I know from my own experience that this is true. I was already insecure, having learned to hate myself when I was an adolescent. When I stumbled into marriage, even though the union resulted in a successful partnership for the most part, it didn’t rid me of the deep seeds of insecurity. After the recession when the “going got tough”, emotional abuse reared it’s ugly head and I learned to be ashamed of, and hate myself even more.

Hardy goes on to say: “The addiction for approval is fueled by unhealthy emotions: guilt, shame, and anger. None of these emotions are a healthy foundation for creating relationships with yourself or other people.” Jungian analysts call shame the swampland of the soul. Brene’ Brown has been studying shame and it’s offspring, vulnerability, forever. Here’s her Ted Talk on shame.

3. Potato chips/ice cream

No explanation necessary. But here’s a list of regional (United States) potato chips you’ve never heard of.

4. Friends

Your friends really do want you in their lives. That’s why they’re your friends.

When I went to Spain, it was easy to leave everyone behind. I thought no one would miss me, and that no one cared about me because I didn’t give a fuck about myself. If you don’t care about yourself, you cant conceive of why anyone else would care about you.

The voice in the back of your head who spews out this bullshit is actually trying to protect you, but with outdated weapons he/she was armed with long ago. It’s like the voice is trying to destroy the Death Star with a slingshot (more on this in a later post).

This voice in the back of your head is negative self-talk, habits you learn from “life” (parents, siblings, other fucked up people), habits that we cling to, and define ourselves by. Here’s a place to start to find out more.

5. Death

Death is going to happen.
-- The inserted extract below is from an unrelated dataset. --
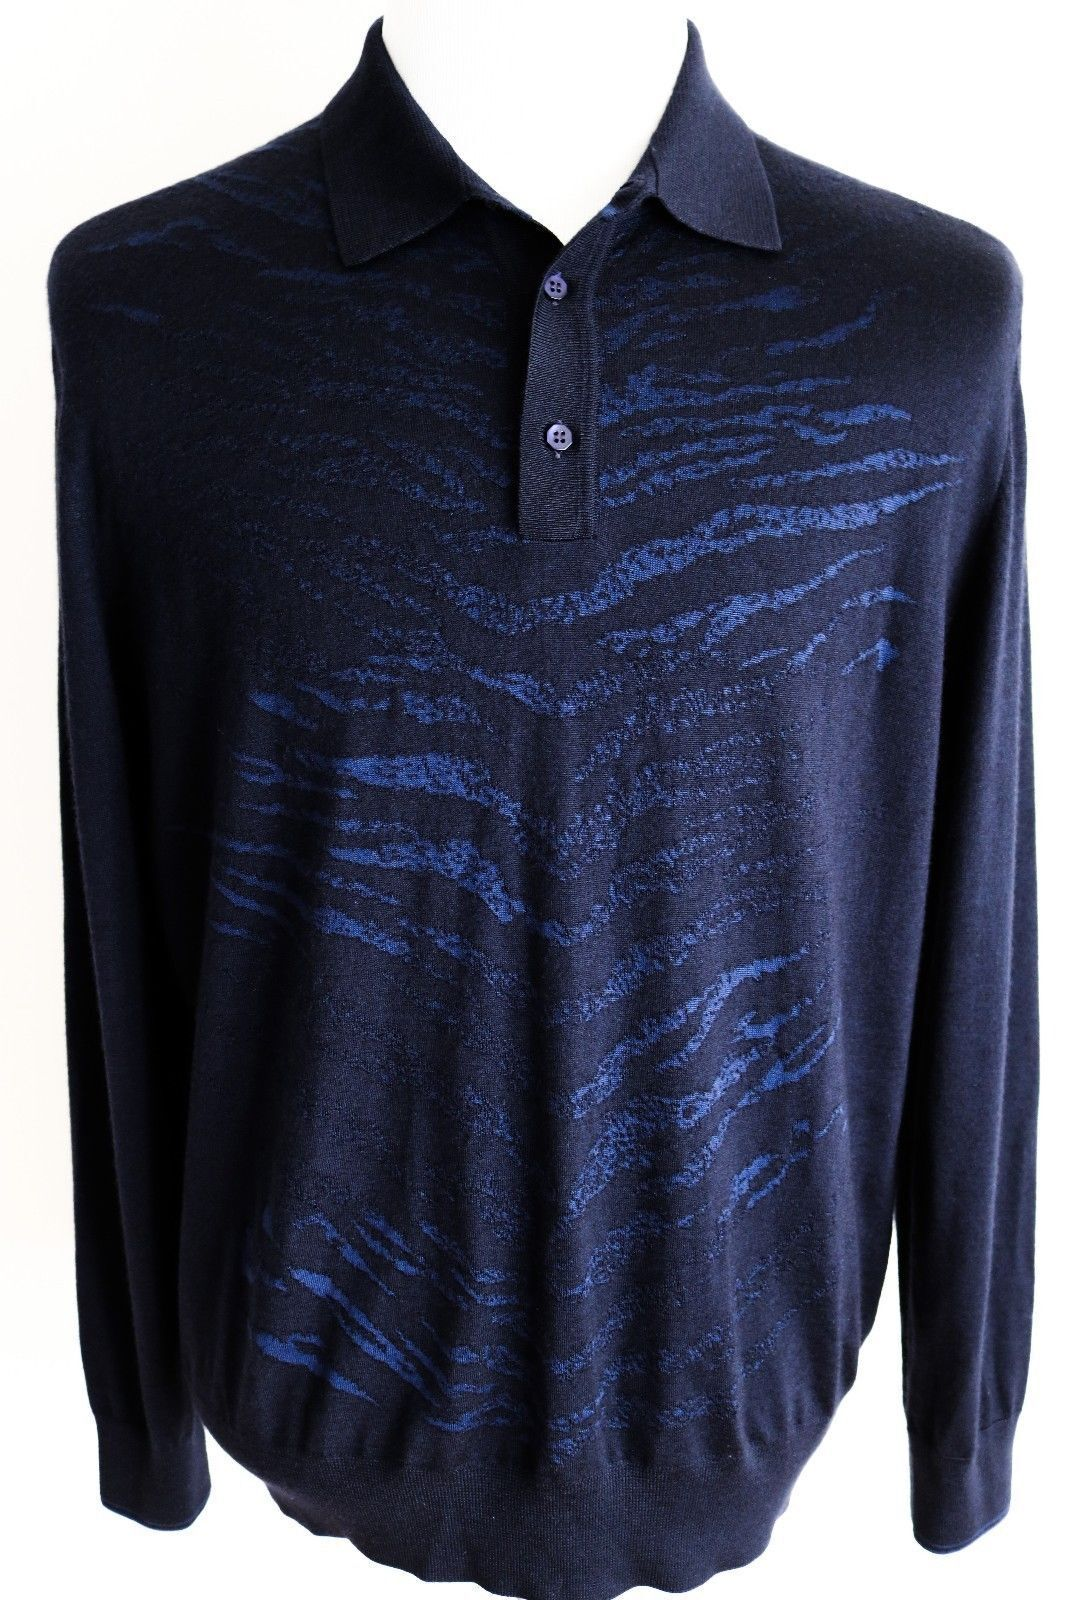 2000 STEFANO RICCI Navy and Blau Cashmere Silk Polo Sweater Größe 56 Euro 2XL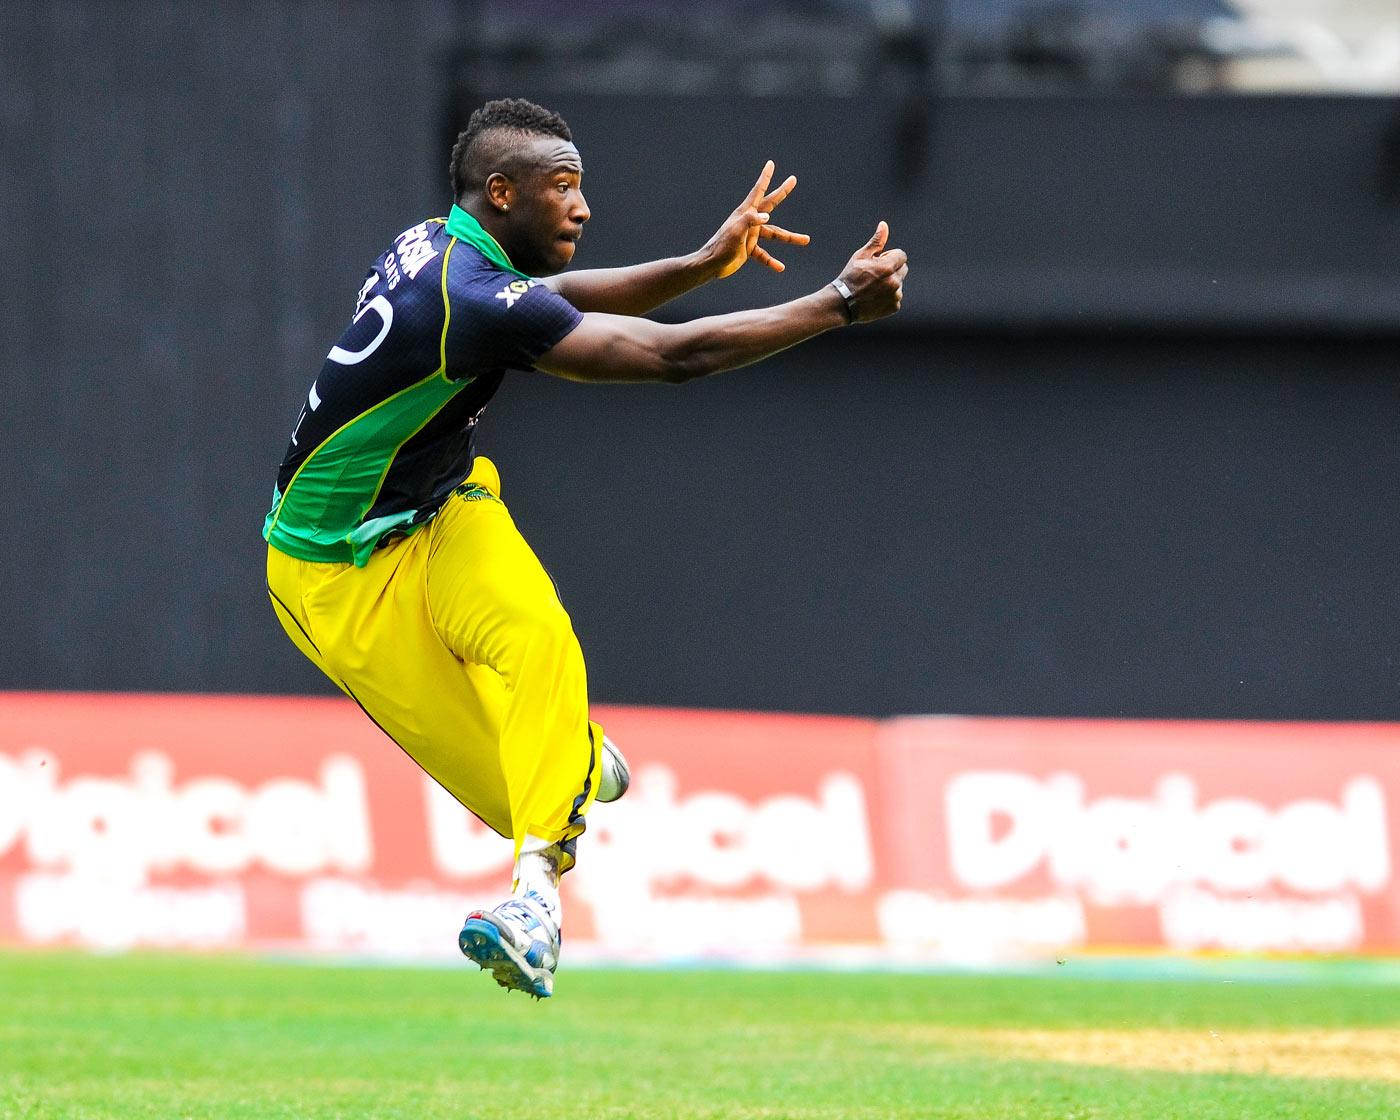 Cricket Photos | Caribbean Premier League | ESPN Cricinfo

But in light of it, life is unbearably precious, brilliant, and beautiful. It should be our goal to recognize this, to try and embrace feeling this way about life, every day we’re stumbling around on this mortal coil.

It’s our job to become responsible for our happiness, our own lives. It’s our purpose to LIVE, to be engaged with life instead of recoiling due to the habits we’ve formed from convincing ourselves that we suck.

To quote one of my favorite movies (“Harold and Maude”, where a 79-year-old concentration camp survivor teaches a 20 year old how to live life) “L.I.V.E, LIVE! Otherwise, you’ve got nothing to talk about in the locker room”.

“You taught me the courage of stars before you left
How light carries on endlessly even after death
With shortness of breath you explained the infinite
How rare and beautiful it is to even exist.”